I think that these farcical situations arise due to several causes.

Firstly, I think that the current government has repeatedly expressed its hostility to 'illegals' and this sentiment has now firmly gripped the minds of the immigration bureaucracy, hence they are predisposed to interpret the facts, what ever they may, in a way that is adverse to an 'illegal'.

Second, the Federal bureaucracy has for many years now been strongly discouraged from exercising any form of initiative much less innovation in policy terms. Rigid adherence to the government's policy requirements is the rule and is rewarded with approval and promotion.

This has led to the appointment of many compliant and unimaginative bureaucrats to positions of authority. Basically, the bureaucracy has been stripped of its ability to formulate and argue for good public policy, with this function now passing to the small army of so-called political advisors, whose grasp of reality let alone policy is often very dubious indeed.

The mainstream media, apparently triggered by the so-called 'khaki takeover' of key policy areas outside of the normal remit of defence (e.g. Operation Sovereign Borders and the Covid 19 vaccine rollout), have belatedly begun to pick up on this serious problem but the current government is not likely to try to rebuild policy development capacity within the now supine bureaucracy.

Third, the corporate memory of the Federal bureaucracy is now so seriously degraded that it struggles to understand and deal with any issue that has its antecedents in the distant or even not so distant past, i.e. PNG becoming an independent state.

Fourth, all bureaucracies adhere to the 'doctrine of stare decisis', which is to say that decision making is governed by established precedent. The theory is that this helps ensure equity and procedural fairness in decision making but it tends to reinforce the discouragement of initiative and innovation.

The fifth factor, which can never be under rated, is a lack of basic common sense combined with compassion and insight.

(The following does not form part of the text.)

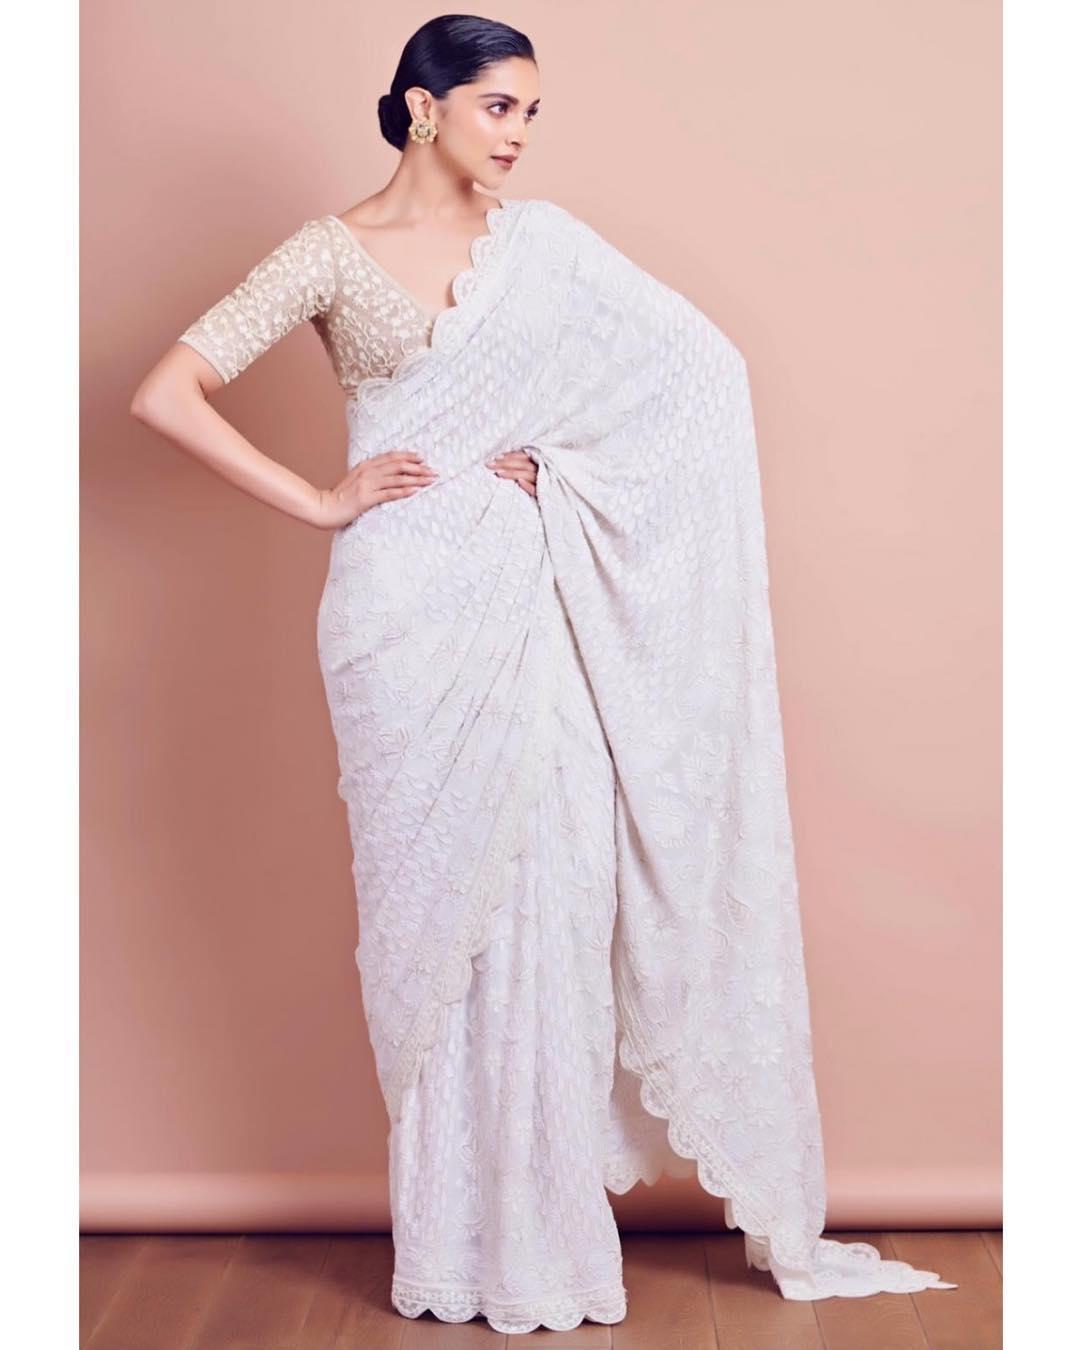 Deepika in saree 88434

These are qualities that should inform all decision making in a democracy but they are spectacularly absent in the current government, which preferences narrow political and economic considerations above human needs generally.

Sixth, I have an uneasy feeling that Mr Lee's ethnic background was an unspoken issue in this case. No-one seems likely to admit to this but a reasonable person might become suspicious given Australia's deplorable history of racism.

If you take these factors into account, the seemingly inexplicable decisions in the case of Mr Lee become easily understandable.